We play the following game:

Start with [math]\displaystyle{ n }[/math] people, each with 2 hands. None of these hands hold each other. At each round, uniformly pick 2 free hands and let these two hands hold together. Repeat this until no free hands left.

- What is the expected number of cycles made by people holding hands with each other at the end of the game? (One person with left hand holding right hand is also counted as a cycle.)

## Problem 4

In *Balls-and-Bins* model, we throw [math]\displaystyle{ n }[/math] balls independently and uniformly at random into [math]\displaystyle{ n }[/math] bins, then the maximum load is [math]\displaystyle{ \Theta(\frac{\ln n}{\ln\ln n}) }[/math] with high probability.

The *two-choice paradigm* is another way to throw [math]\displaystyle{ n }[/math] balls into [math]\displaystyle{ n }[/math] bins: each ball is thrown into the least loaded of 2 bins chosen independently and uniformly at random and breaks the tie arbitrarily. The maximum load of two-choice paradigm is [math]\displaystyle{ \,\Theta(\ln\ln n) }[/math] with high probability, which is exponentially less than the previous one. This phenomenon is called the *power of two choices*.

Now consider the following three paradigms:

- The first [math]\displaystyle{ n/2 }[/math] balls are thrown into bins independently and uniformly at random. The remaining [math]\displaystyle{ n/2 }[/math] balls are thrown into bins using two-choice paradigm.
- The first [math]\displaystyle{ n/2 }[/math] balls are thrown into bins using two-choice paradigm. The remaining [math]\displaystyle{ n/2 }[/math] balls are thrown into bins independently and uniformly at random.
- Assume all [math]\displaystyle{ n }[/math] balls are in a sequence. For every [math]\displaystyle{ 1\le i\le n }[/math], if [math]\displaystyle{ i }[/math] is odd, we throw [math]\displaystyle{ i }[/math]th ball into bins independently and uniformly at random, otherwise, we throw it into bins using two-choice paradigm.

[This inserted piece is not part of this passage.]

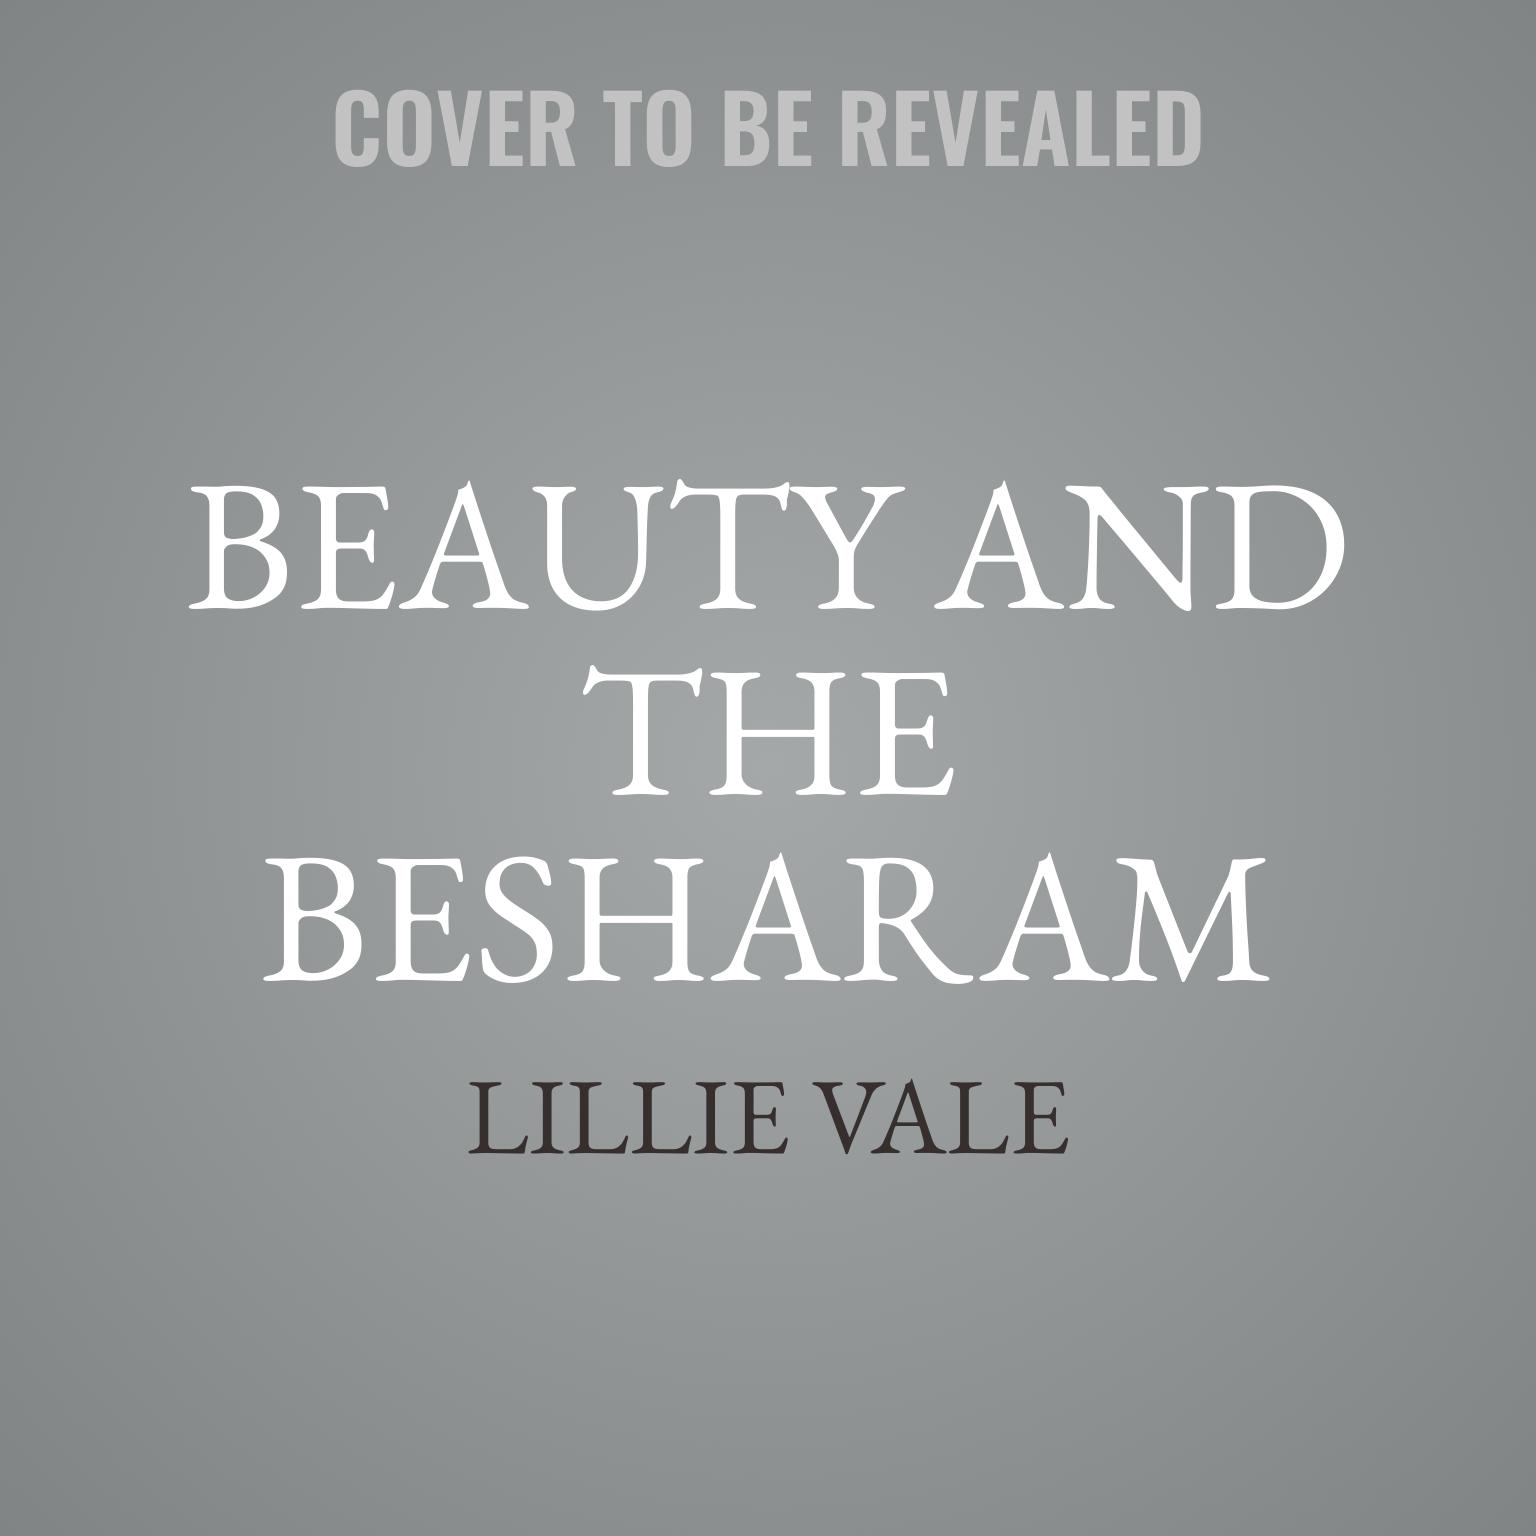 Beauty and the Besharam Audiobook, by Lillie Vale

What is the maximum load with high probability in each of three paradigms. You need to give an asymptotically tight bound (i.e. [math]\displaystyle{ \Theta(\cdot) }[/math]).

## Problem 5

(Due to D.R. Karger and R. Motwani.)

- Let [math]\displaystyle{ S,T }[/math] be two disjoint subsets of a universe [math]\displaystyle{ U }[/math] such that [math]\displaystyle{ |S|=|T|=n }[/math]. Suppose we select a random set [math]\displaystyle{ R\subseteq U }[/math] by independently sampling each element of [math]\displaystyle{ U }[/math] with probability [math]\displaystyle{ p }[/math]. We say that the random sample [math]\displaystyle{ R }[/math] is
*good*if the following two conditions hold: [math]\displaystyle{ R\cap S=\emptyset }[/math] and [math]\displaystyle{ R\cap T\ne\emptyset }[/math]. Show that for [math]\displaystyle{ p=1/n }[/math], the probability that [math]\displaystyle{ R }[/math] is good is larger than some positive constant. - Suppose now that the random set [math]\displaystyle{ R }[/math] is chosen by sampling the elements of [math]\displaystyle{ U }[/math] with only
*pairwise*independence. Show that for a suitable choice of the value of [math]\displaystyle{ p }[/math], the probability that [math]\displaystyle{ R }[/math] is good is larger than some positive constant.